Above normal through the week:
While some areas of the province will start to see temperatures decrease today, demand for electriciy is expected to remain above normal levels in the coming days.
Ways to keep cool:
BC Hydro encourages customers looking for “ways to keep cool and save money” during the heat wave to consider the following (including the line about fans):
- Closing the drapes and blinds: Shading windows can block out up to 65 per cent of the heat.
- Shutting doors and windows: If the temperature outside is warmer than inside, keep doors and windows closed to keep the cooler air in and the warm air out.
- Using a fan: Running a fan nine hours a day over the summer costs just $7.
- Being a star: Purchase an ENERGY STAR air conditioner as they use about 30 to 40 per cent less power than standard units.
- Opting for smaller appliances: Use a microwave, crockpot or toaster oven to avoid the extra heat produced by larger appliances when preparing meals.
- Install a heat pump to help efficiently cool in the summer and heat in the winter. BC Hydro offers rebates up to $2,000 for installing a heat pump.

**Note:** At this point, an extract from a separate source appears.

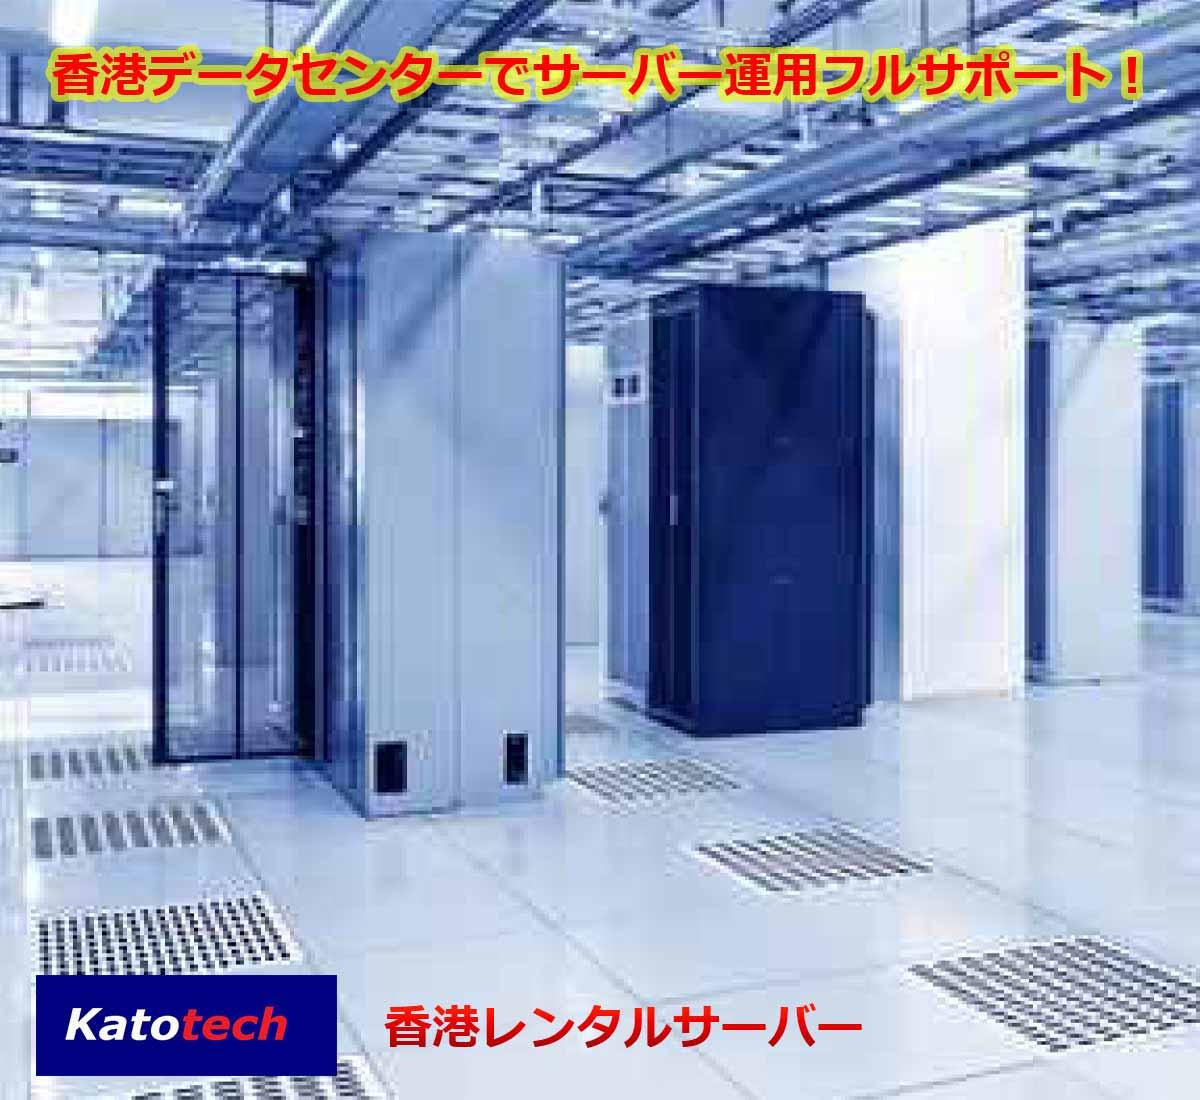 Server rental

Over the past few days, BC Hydro has also seen some localized outages on their system. On South Vancouver Island this past weekend there was a smattering of small outages (fewer than five customers in some cases) throughout the region. Presently there is only one such small outage on South Vancouver Island, while on North Vancouver Island this morning (at 7 am) there are 11 outages affecting 7,267 BC Hydro customers. [ BC Hydro outage list updates ]
“BC Hydro appreciates that any outage can be concerning, but even more so in this extreme heat.” Crews are on standby to be part of prompt power restoration, but the intense heat is adding to what is already an inherently dangerous job for crews. Additional safety protocols include shifting work away from the hottest hours of the day and having crews work in short intervals; in such cases power restoration is taking longer than usual.
BC Hydro says the majority of planned outages (for maintenance work) have been postponed. They say they are suspending disconnections for non-payment until the end of the heat wave; the utility has a customer crisis fund to help people avoid disconnection.